Another world tour, another bout of sex with anything breathing, and millions of dollars of drugs later, she emerged again this year with newly inflated lips, and an abysmally poor solo album of songs mostly penned by (and inexplicably actually credited to) former 4 Non Blondes leader and newly scarily dykey looking punk songstress Linda Perry. This album has thus far sold less than 100 copies worldwide, mostly because Courtney has ingested so much tobacco and booze that she sounds like the offspring of Leonard Cohen and Tom Waits after being awake for 3 days in a smoke filled room.

She kicked off publicity for her latest release in earnest about year ago by posing for impromptu nude photos for Q magazine during an interview (without them asking her to do so, in fact some would say they begged her to keep her clothes on), in which she talked about such thrilling topics as having her anus waxed. This happened the day after she was arrested on a New York to London flight for making an obnoxious ass of herself. She later on a whim just decided to tell everyone that she was Marlon Brando's illegitimate granddaughter without any evidence to support it, nor an explanation or apology to follow.

It wasn't until October of last year that she managed to kick in the window of her most current boyfriend's house while high on illegal narcotics. That night she tried to OD in front of her daughter and was arrested for felony drug posession. Courtney wined, stalled and postponed her court dates, while rambling incoherently, often on the Howard Stern show that nothing she did was her fault, and that it was all a plot to steal her daughter's inheritance.

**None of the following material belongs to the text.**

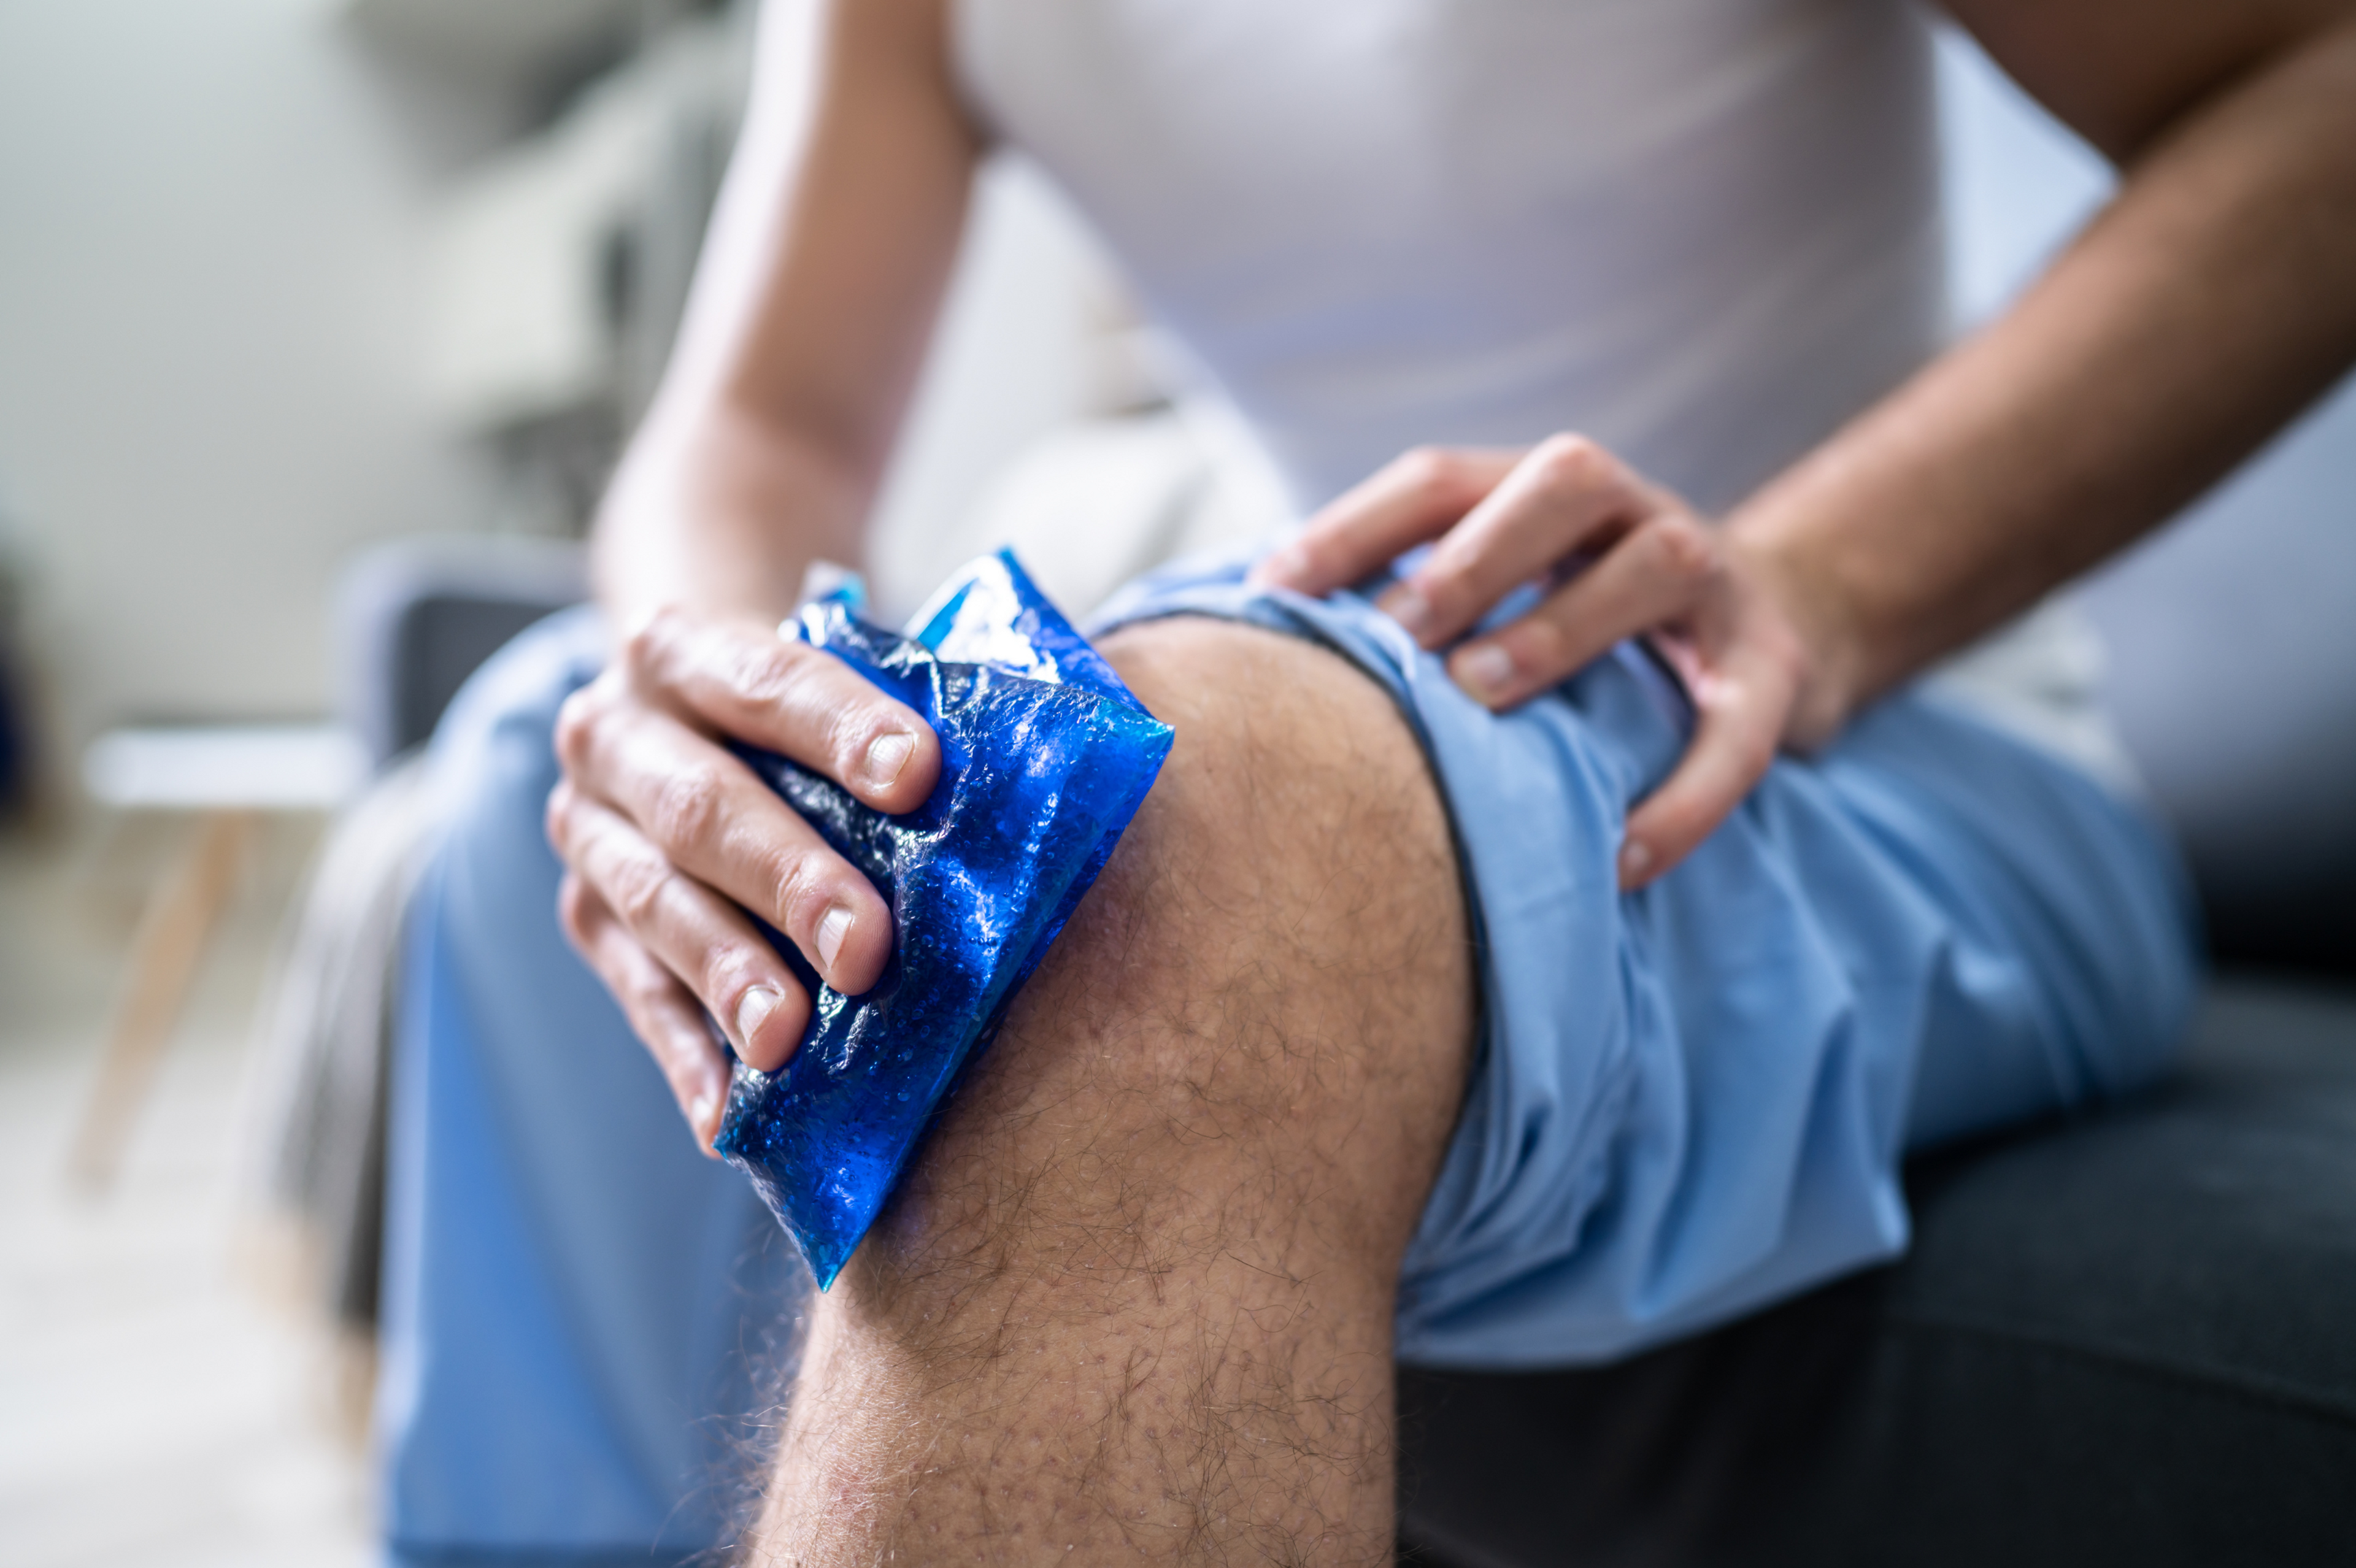 Ice treatment can help reduce the symptoms of a meniscus tear.

Somehow she even managed to lose custody of her daughter to a man who is not even related to her or her daughter, despite the existence of several blood relatives, mostly because she tried to beat Cobain's mother to a bloody pulp right inside the courtroom.

Then to prove what an upstanding citizen and mother she was, she made an appearance on The Late Show with David Letterman, where she failed to keep her legs crossed for an entire hour, and managed to flash her breasts at Dave and the entire audience no less than half a dozen times, prompting a male audience member for the first time ever in the history of mankind to utter the words "put it back on!" While there she dropped names like they were Tic Tacs, and disavowed any responsibility for any bad things that had ever happened in her life.

Hours later she split open a fan's skull with a microphone stand then incredibly claimed that somehow this live music venue at which she was performing had microphones but did not possess any microphone stands. Days later while still awaiting trial on her earlier drug charges, she claimed to have given head to Ted Nugent when she was 12, even though no one asked, during an interview in which she was actually asked to explain the pictures which had surfaced over the weekend of a reportedly homeless man suckling on her nipple. She is expected to OD some time in the next 24 to 48 months.

When asked what their future plans entailed, Love started to say something incoherent, took off her top and fell asleep in the middle of 54th avenue. As for Bobby and Whitney, they plan to have Bobby run down a blind nun on his next DUI while a coked up Whitney is giving him a rim job.

Competition for next year's award is already heating up. Fitness guru Richard Simmons already looks to be well on track for a nomination for next years' awards for being flamboyantly gay, yet in the closet for more than 30 years in the public eye, culminating in his arrest for slapping a 6'1" 255 pound Harley Davidson salesman who made fun of his "Sweatin' To The Oldies" tapes.

The story above is a satire or parody. It is entirely fictitious.